Re: Binary search in ScalarArrayOpExpr for OR'd constant arrays - Mailing list pgsql-hackers

From James Coleman
Subject Re: Binary search in ScalarArrayOpExpr for OR'd constant arrays
Date
Msg-id CAAaqYe_q5-VRNkCs3JUEc4iDufUjshqnFK-d2AWz8XCugk3jow@mail.gmail.com
Whole thread Raw
In response to Re: Binary search in ScalarArrayOpExpr for OR'd constant arrays  (Tomas Vondra <tomas.vondra@2ndquadrant.com>)
Responses Re: Binary search in ScalarArrayOpExpr for OR'd constant arrays
List pgsql-hackers
On Fri, Apr 24, 2020 at 5:55 PM Tomas Vondra
<tomas.vondra@2ndquadrant.com> wrote:
>
> On Fri, Apr 24, 2020 at 09:38:54AM -0400, James Coleman wrote:
> >On Thu, Apr 23, 2020 at 10:55 AM Tomas Vondra
> ><tomas.vondra@2ndquadrant.com> wrote:
> >>
> >> On Thu, Apr 23, 2020 at 09:02:26AM -0400, James Coleman wrote:
> >> >On Thu, Apr 23, 2020 at 8:47 AM Tomas Vondra
> >> ><tomas.vondra@2ndquadrant.com> wrote:
> >> >>
> >> >> On Mon, Apr 20, 2020 at 09:27:34PM -0400, James Coleman wrote:
> >> >> >Over in "execExprInterp() questions / How to improve scalar array op
> >> >> >expr eval?" [1] I'd mused about how we might be able to optimized
> >> >> >scalar array ops with OR'd semantics.
> >> >> >
> >> >> >This patch implements a binary search for such expressions when the
> >> >> >array argument is a constant so that we can avoid needing to teach
> >> >> >expression execution to cache stable values or know when a param has
> >> >> >changed.
> >> >> >
> >> >> >The speed-up for the target case can pretty impressive: in my
> >> >> >admittedly contrived and relatively unscientific test with a query in
> >> >> >the form:
> >> >> >
> >> >> >select count(*) from generate_series(1,100000) n(i) where i in (<1000
> >> >> >random integers in the series>)
> >> >> >
> >> >> >shows ~30ms for the patch versus ~640ms on master.
> >> >> >
> >> >>
> >> >> Nice improvement, although 1000 items is probably a bit unusual. The
> >> >> threshold used in the patch (9 elements) seems a bit too low - what
> >> >> results have you seen with smaller arrays?
> >> >
> >> >At least in our systems we regularly work with 1000 batches of items,
> >> >which means you get IN clauses of identifiers of that size. Admittedly
> >> >the most common case sees those IN clauses as simple index scans
> >> >(e.g., WHERE <primary key> IN (...)), but it's also common to have a
> >> >broader query that merely filters additionally on something like "...

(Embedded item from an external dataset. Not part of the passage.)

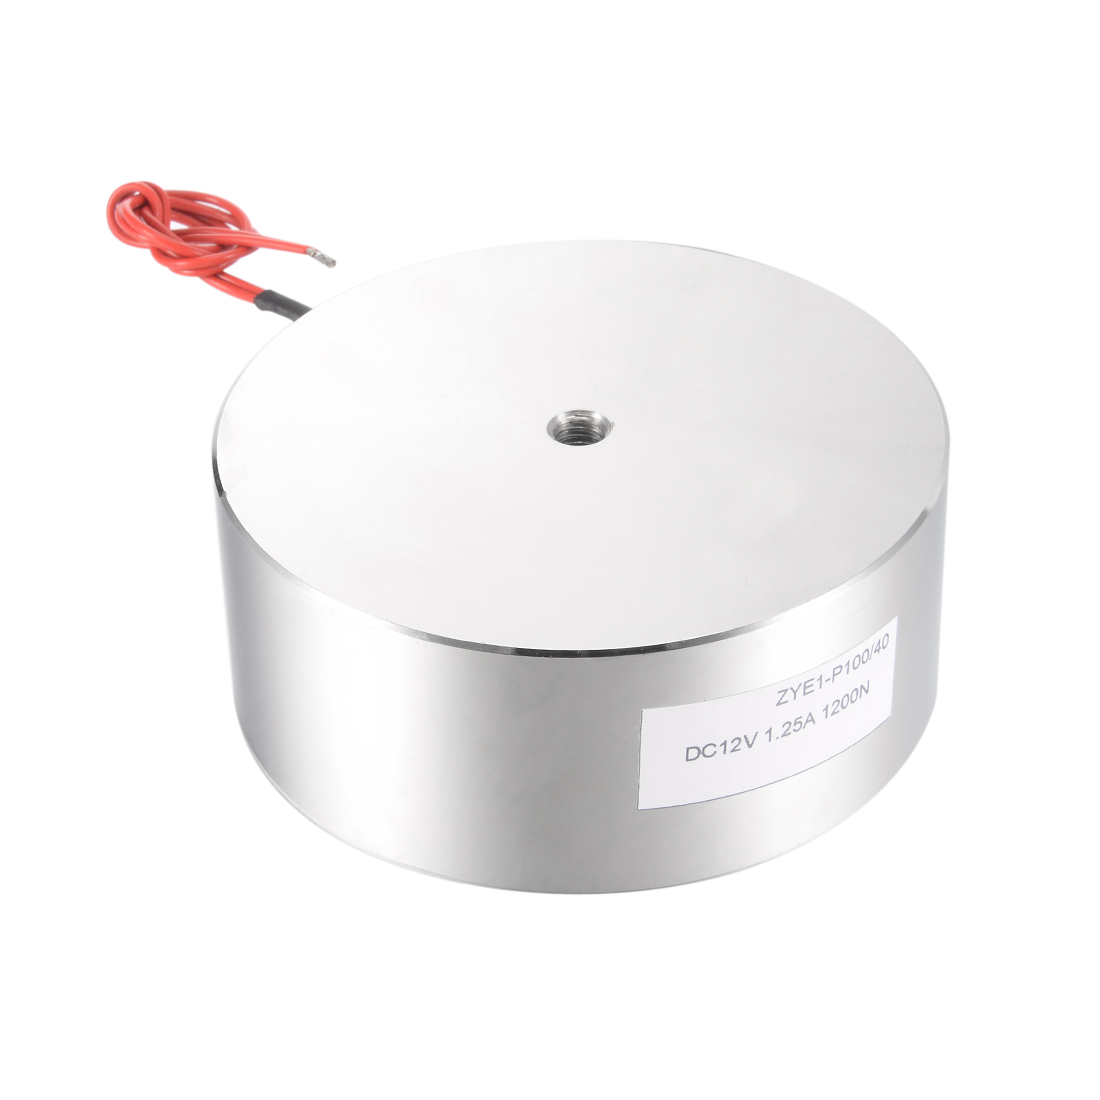 100mm x 40mm DC12V 1.25A 1200N Sucking Disc Solenoid Lift Holding Electromagnet
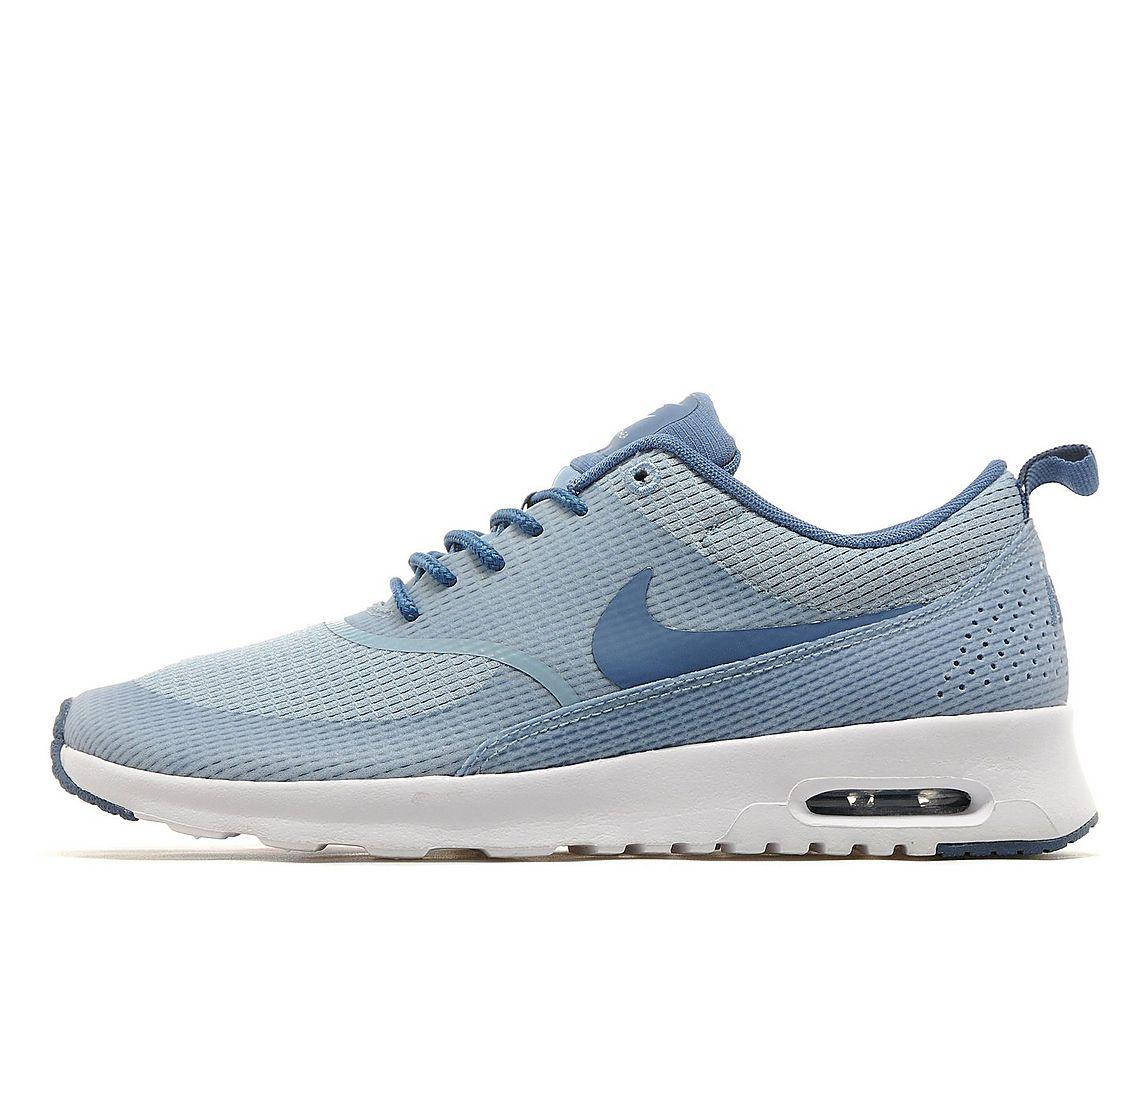 Nike Air Max 97 Jd Sports

> >> >AND <some foreign key> IN (...)" where it makes sense for the rest of
> >> >the quals to take precedence in generating a reasonable plan. In that
> >> >case, the IN becomes a regular filter, hence the idea behind the
> >> >patch.
> >> >
> >> >Side note: I'd love for us to be able to treat "IN (VALUES)" the same
> >> >way...but as noted in the other thread that's an extremely large
> >> >amount of work, I think. But similarly you could use a hash here
> >> >instead of a binary search...but this seems quite good.
> >> >
> >> >As to the choice of 9 elements: I just picked that as a starting
> >> >point; Andres had previously commented off hand that at 8 elements
> >> >serial scanning was faster, so I figured this was a reasonable
> >> >starting point for discussion.
> >> >
> >> >Perhaps it would make sense to determine that minimum not as a pure
> >> >constant but scaled based on how many rows the planner expects us to
> >> >see? Of course that'd be a more invasive patch...so may or may not be
> >> >as feasible as a reasonable default.
> >> >
> >>
> >> Not sure. That seems a bit overcomplicated and I don't think it depends
> >> on the number of rows the planner expects to see very much. I think we
> >> usually assume the linear search is cheaper for small arrays and then at
> >> some point the binary search starts winning The question is where this
> >> "break even" point is.
> >
> >Well since it has to do preprocessing work (expanding the array and
> >then sorting it), then the number of rows processed matters, right?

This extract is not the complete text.